Che sia appunto la violenza il discrimine è ormai del tutto trascurato. Fischiare – pratica che era non solo accettata, ma persino incoraggiata nei partiti e dai leader politici quando erano tali – è considerato uguale a picchiare. Solo che chi ha potere, divise e manganelli picchia e chi non ce l’ha urla, fischia e contesta. Anche l’accusa di censura rivolta ai contestatori è irricevibile, visto che per essere esercitata presupporrebbe un potere che loro non hanno e che invece il governo non solo detiene ma sta anche esercitando con gusto.

Una ministra e una maggioranza che parlano quando vogliono dai giornali e dalle tv, e che soprattutto alle parole fanno seguire decisioni e atti di legge (l’ultimo quello che prova a trasformare i consultori in centri di propaganda prolife), alle contestazioni dovranno prima o poi abituarsi (e magari, fantastichiamo, ascoltarle).
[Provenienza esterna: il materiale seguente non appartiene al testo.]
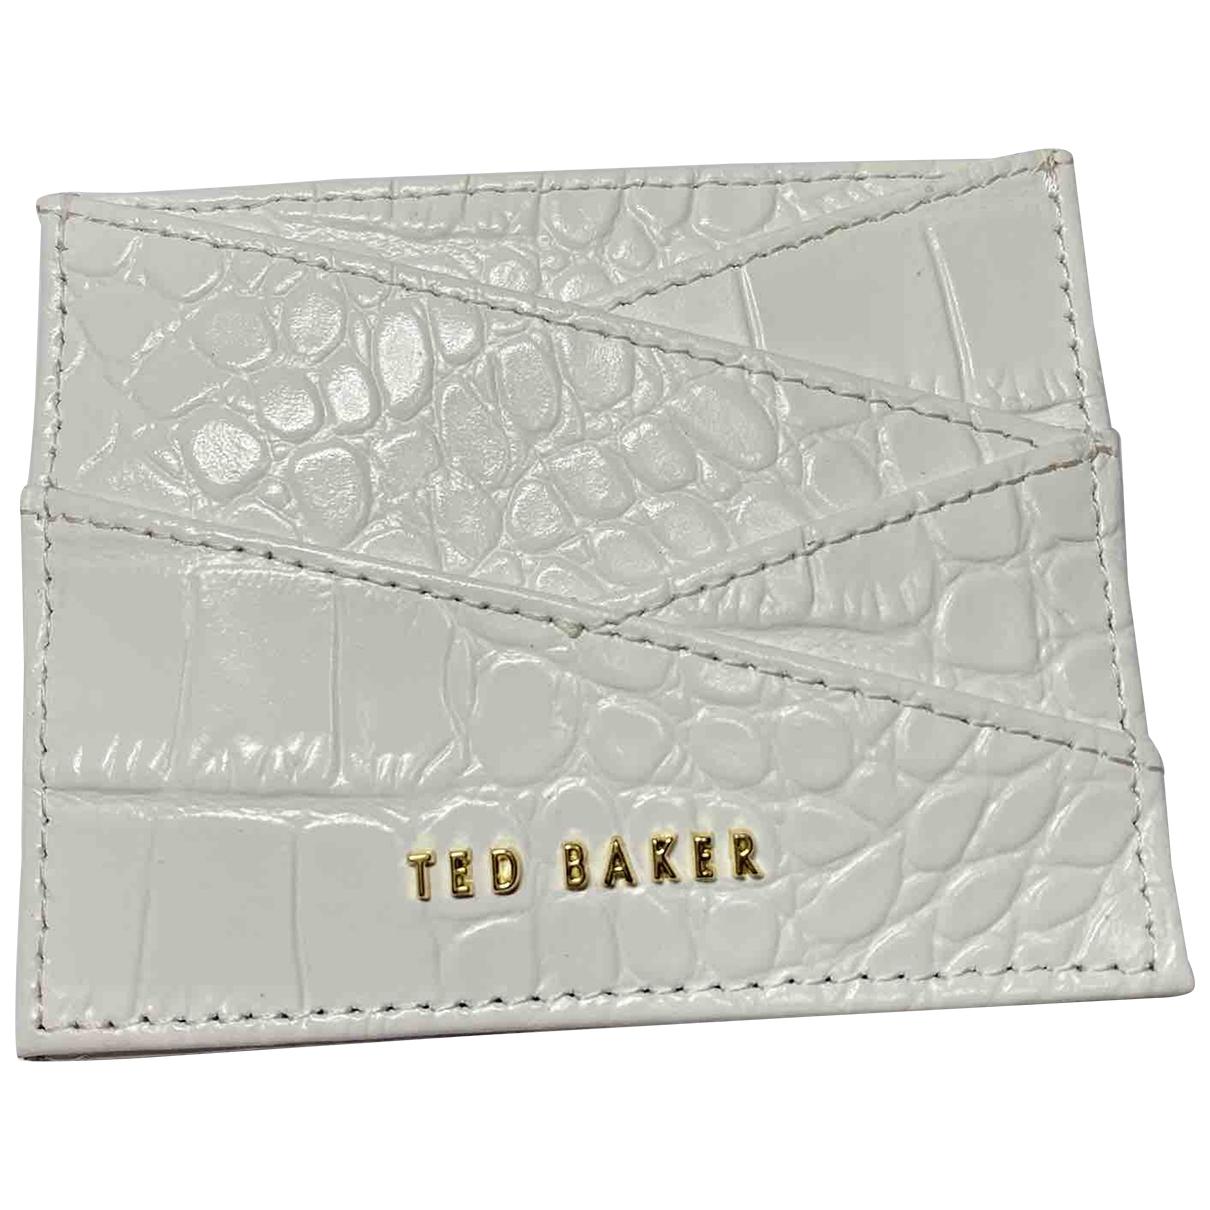 Ted Baker - Petite maroquinerie   pour femme en autre - blanc
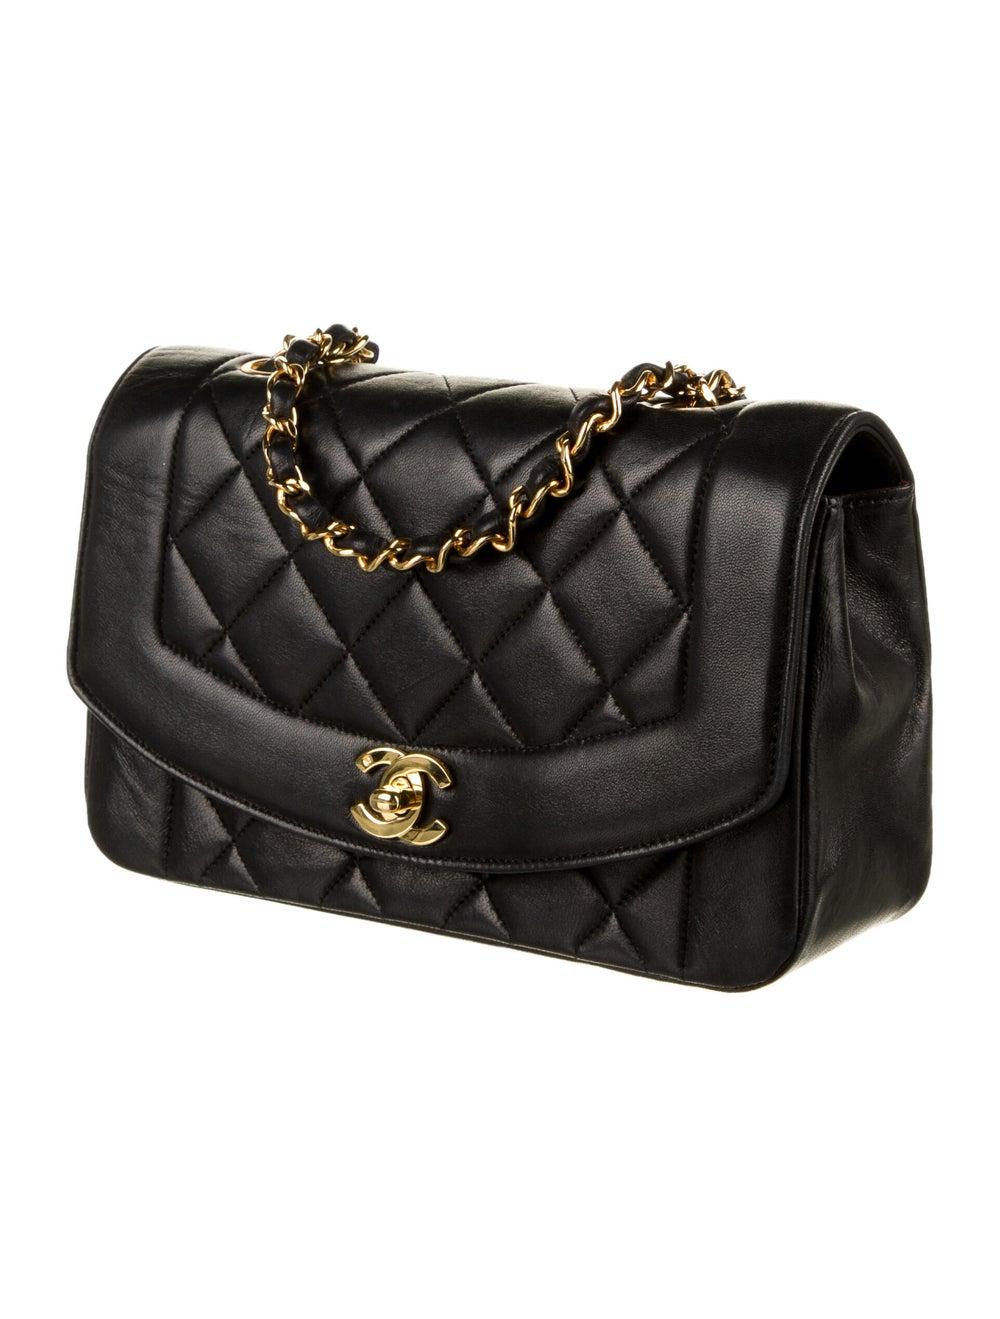 Chanel Vintage Diana Flap Bag Black - image 3

Chiaro che dal punto di vista delle posizioni politiche dominanti (il che non vuol dire maggioritarie) meglio sarebbe se a chi contesta fosse impedito, non solo con la forza ma anche – prima – con la condanna sociale, di farsi ascoltare. Per questo i campus dove si chiede il cessate il fuoco a Gaza vengono raccontati come luoghi violenti quando nei documenti che producono e nei comportamenti che hanno, oltre che nelle testimonianze di chi è andato sul serio a conoscerli, sono proprio il contrario. Per questo gli studenti che vogliono fermare la carneficina di Netanyahu sono raccontati come antisemiti anche quando sono ebrei.

Crimini immensi come quello in corso a Gaza chiamano grandi risposte, e meno male, e le proteste non possono che provare a essere all’altezza. Ma le parole nelle proteste anche le più forti non sono mai armi di distruzione di massa come le bombe da una tonnellata, anche se in un disgraziato articolo di qualche giorno fa Zadie Smith lo ha sostenuto.

Se lo fossero, allora anche le bombe da una tonnellata diventerebbero solo parole. Probabilmente è quello che aspirano a farci credere gli indifendibili difensori della legittimità di Israele ad andare avanti, non tollerando che venga espressa alcuna posizione contraria né sollevato alcun dubbio.

Dalla scatola dei valori occidentali la libertà di parola è già stata tirata fuori. Ma quella scatola vuota vogliono ancora difenderla, con la guerra. Il caso Roccella non è che un altro gradino nella discesa verso il conformismo e la complicità.